This function generates for all the batches the omic data they had not originally. This is the previous step to apply ARSyNbac [1] correction.

Usage

genMissingOmics(mbac)
genMissingOmics(mbac)

Arguments

mbac

mbac object generated by *createMbac*. PLS models slot must be present.

Value

A list of *MultiAssayExperiment* structures. In this case, each batch contains all the omics introduced in MultiBaC. For instance, if two batches are being studying, "A" and "B", given that "A" contains "RNA-seq" and "GRO-seq" data and "B" contains "RNA-seq" and "Metabolomica" data, after applying *genMissingOmics* function batch "A" will contain "RNA-seq", "GRO-seq" and predicted "Metabolomics" data.

Examples

data('multiyeast')

my_mbac <- createMbac (inputOmics = list(A.rna, A.gro, B.rna, B.ribo, C.rna, C.par),
                       batchFactor = c("A", "A", "B", "B", "C", "C"),
                       experimentalDesign = list("A" =  c("Glu+", "Glu+",
                       "Glu+", "Glu-", "Glu-", "Glu-"),
                       "B" = c("Glu+", "Glu+", "Glu-", "Glu-"),
                       "C" = c("Glu+", "Glu+", "Glu-", "Glu-")),
                       omicNames = c("RNA", "GRO", "RNA", "RIBO", "RNA", "PAR"),
                       commonOmic = "RNA")
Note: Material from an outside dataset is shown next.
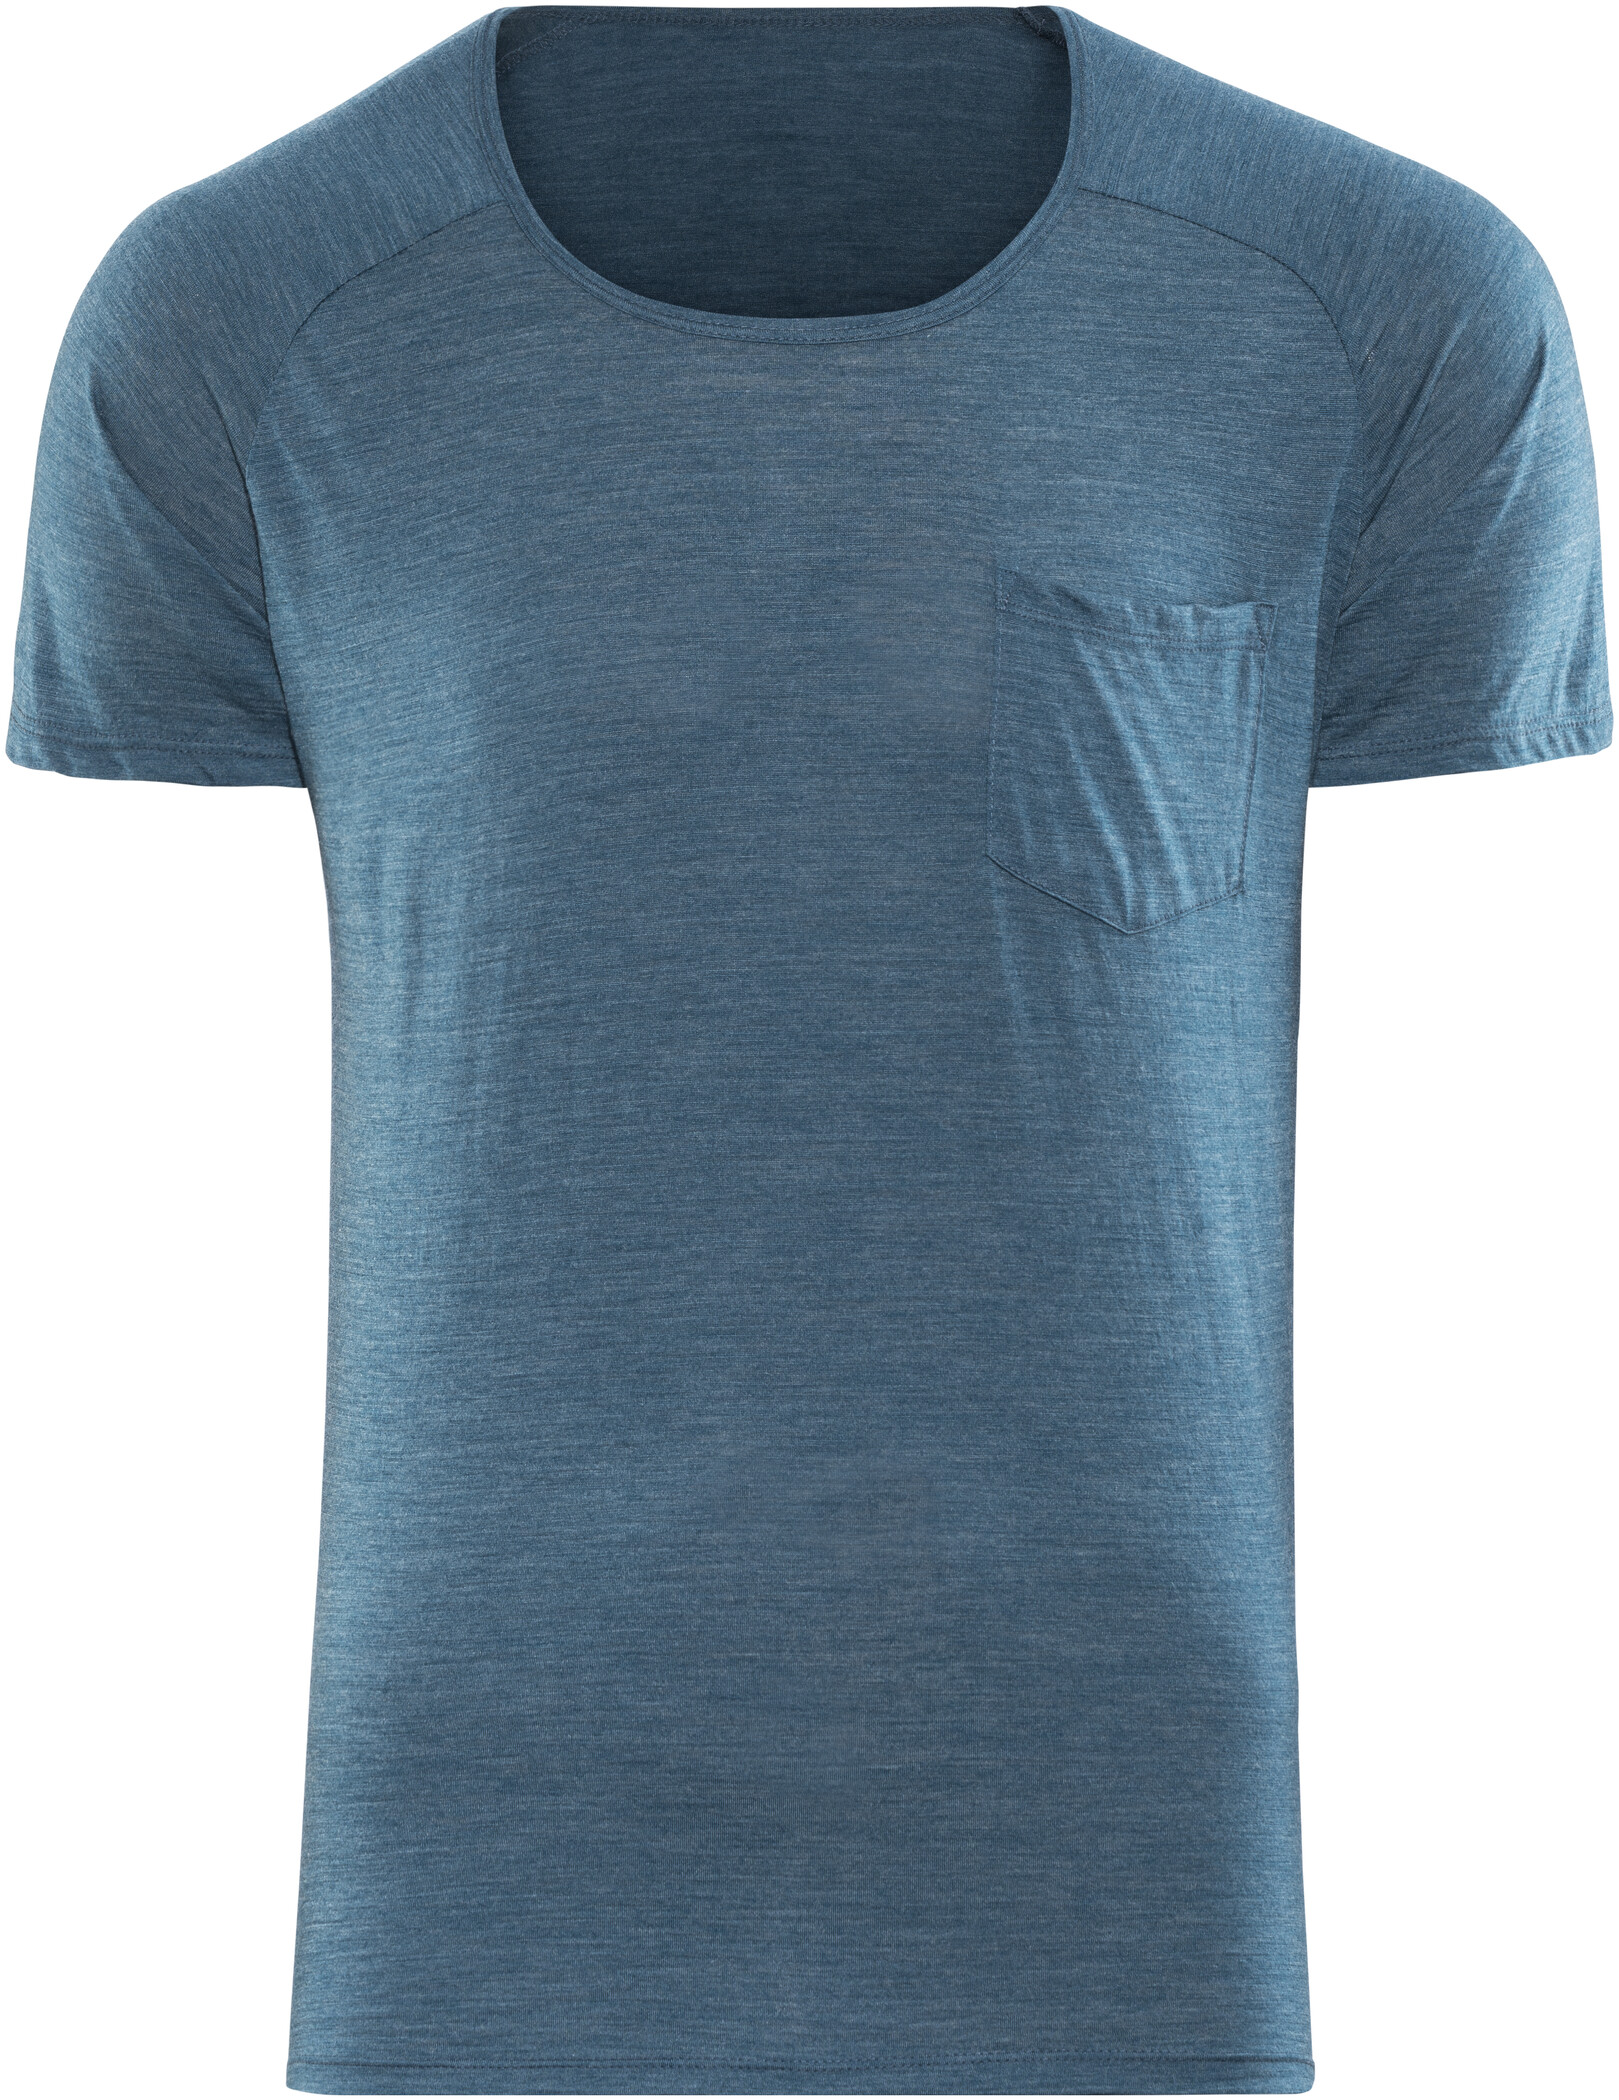 Renegade Mens Printed T-Shirt Black Grey Green White Blue Tee Shirts All Sizes

my_mbac_2 <- genModelList (my_mbac, test.comp = NULL,
                           scale = FALSE, center = TRUE,
                           crossval = NULL,
                           showinfo = TRUE)
multiBatchDesign <- genMissingOmics(my_mbac_2)

data('multiyeast')

my_mbac <- createMbac (inputOmics = list(A.rna, A.gro, B.rna, B.ribo, C.rna, C.par),
                       batchFactor = c("A", "A", "B", "B", "C", "C"),
                       experimentalDesign = list("A" =  c("Glu+", "Glu+",
                       "Glu+", "Glu-", "Glu-", "Glu-"),
                       "B" = c("Glu+", "Glu+", "Glu-", "Glu-"),
                       "C" = c("Glu+", "Glu+", "Glu-", "Glu-")),
                       omicNames = c("RNA", "GRO", "RNA", "RIBO", "RNA", "PAR"),
                       commonOmic = "RNA")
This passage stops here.